This Week in Theatre: The Sleeping Beauty, Legally Blonde, New Ideas Festival, Dying Hard, The Campbell House Story
This week in theatre rounds up the most noteworthy live theatre playing right now in Toronto. It includes just-opened shows as well as productions that are about to close.
The Sleeping Beauty / National Ballet - Four Seasons Centre / 7:30pm/2:00pm / $25-$100+
The National Ballet has anchored its seasons of late with classic stories set to dance - Alice in Wonderland and Romeo and Juliet (both making a return next year). Rudolf Nureyev's adaptation of Sleeping Beauty, originally produced in 1972, follows in the same tradition. Tchaikovsky's music is set to the story of the sleeping princess, the enchantment that keeps her slumbering, and the prince that will awaken her.
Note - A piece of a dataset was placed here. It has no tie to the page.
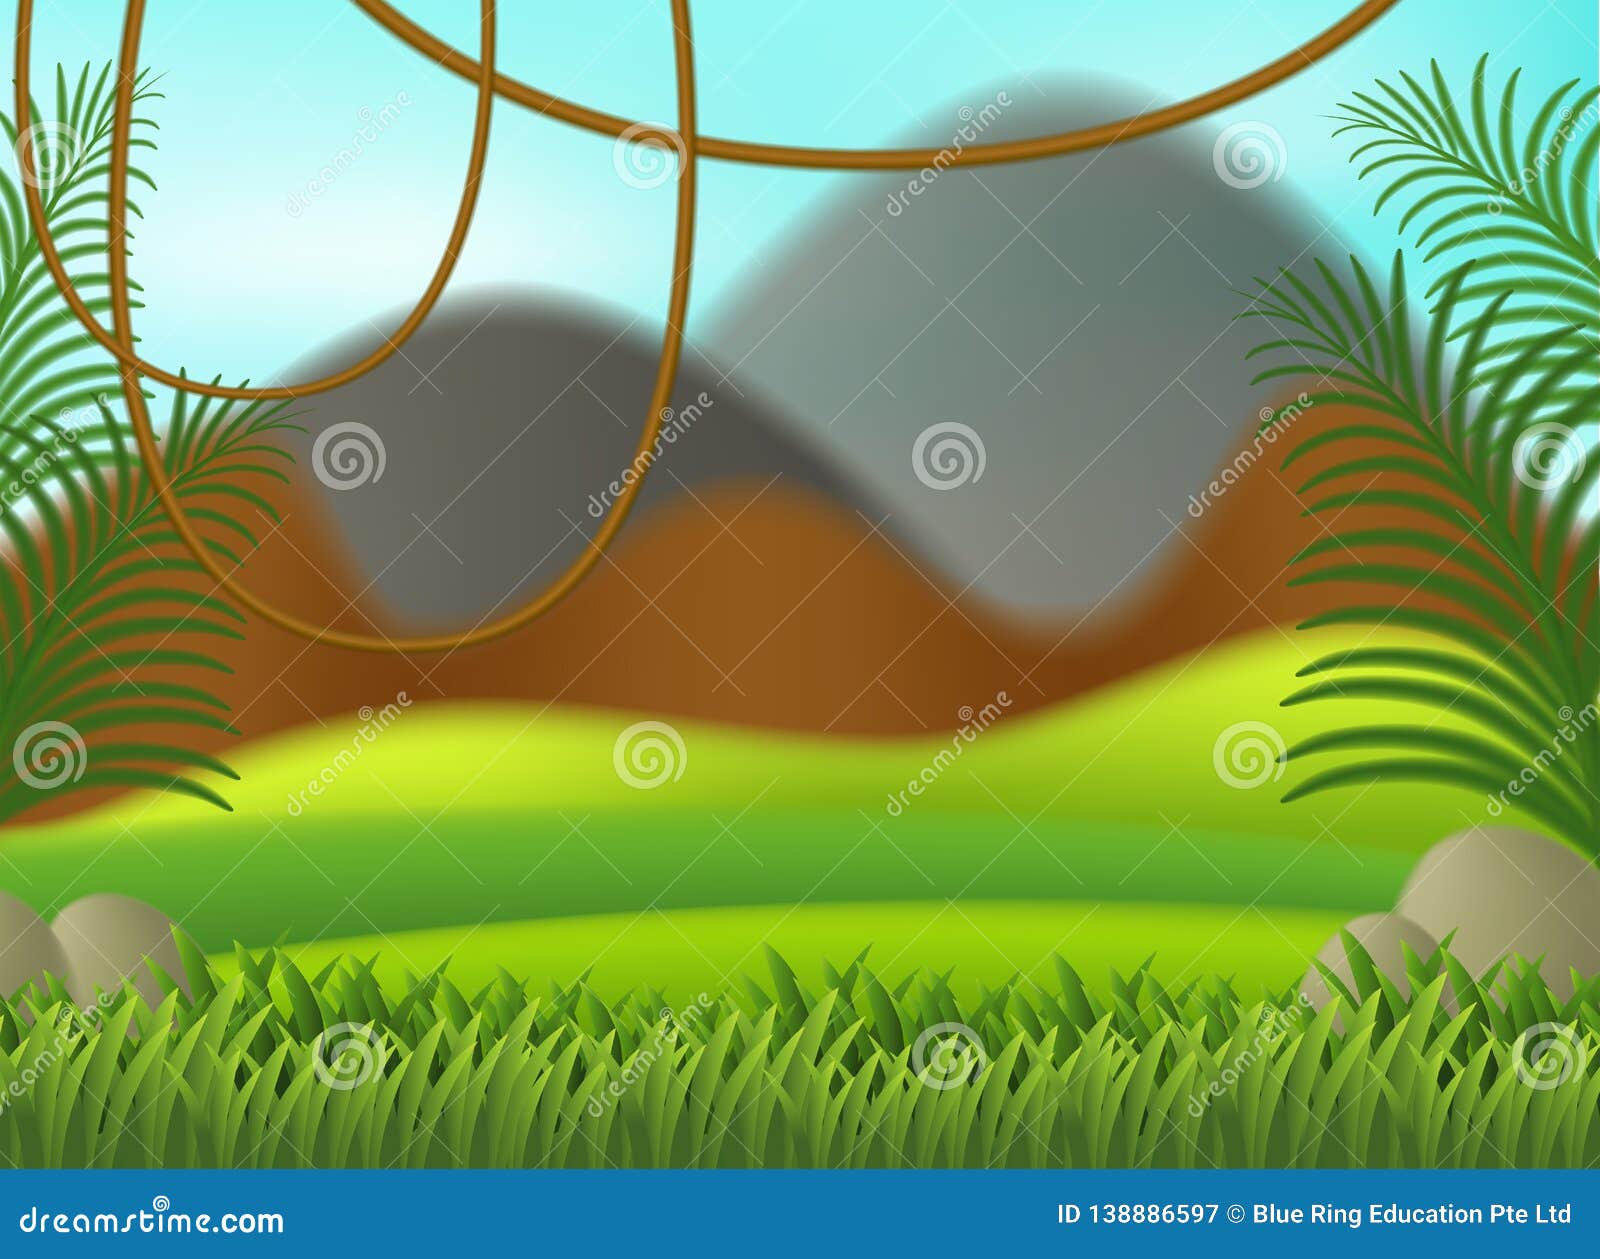 A nature blur background illustration

Legally Blonde: The Musical / Lower Ossington Theatre / 8:00pm/4:00pm / $45-$60
It's not as classic or romantic a story as Sleeping Beauty, but Legally Blonde: The Musical was a Broadway hit when it premiered in 2007. If you haven't seen the movie or read the novel (yes, before Reese Witherspoon there was a novel), the story follows Elle Woods, a sorority girl who enrolls at Harvard Law to win back her boyfriend. The Lower Ossington is offering "VIPink seating" for up to eight on select performances.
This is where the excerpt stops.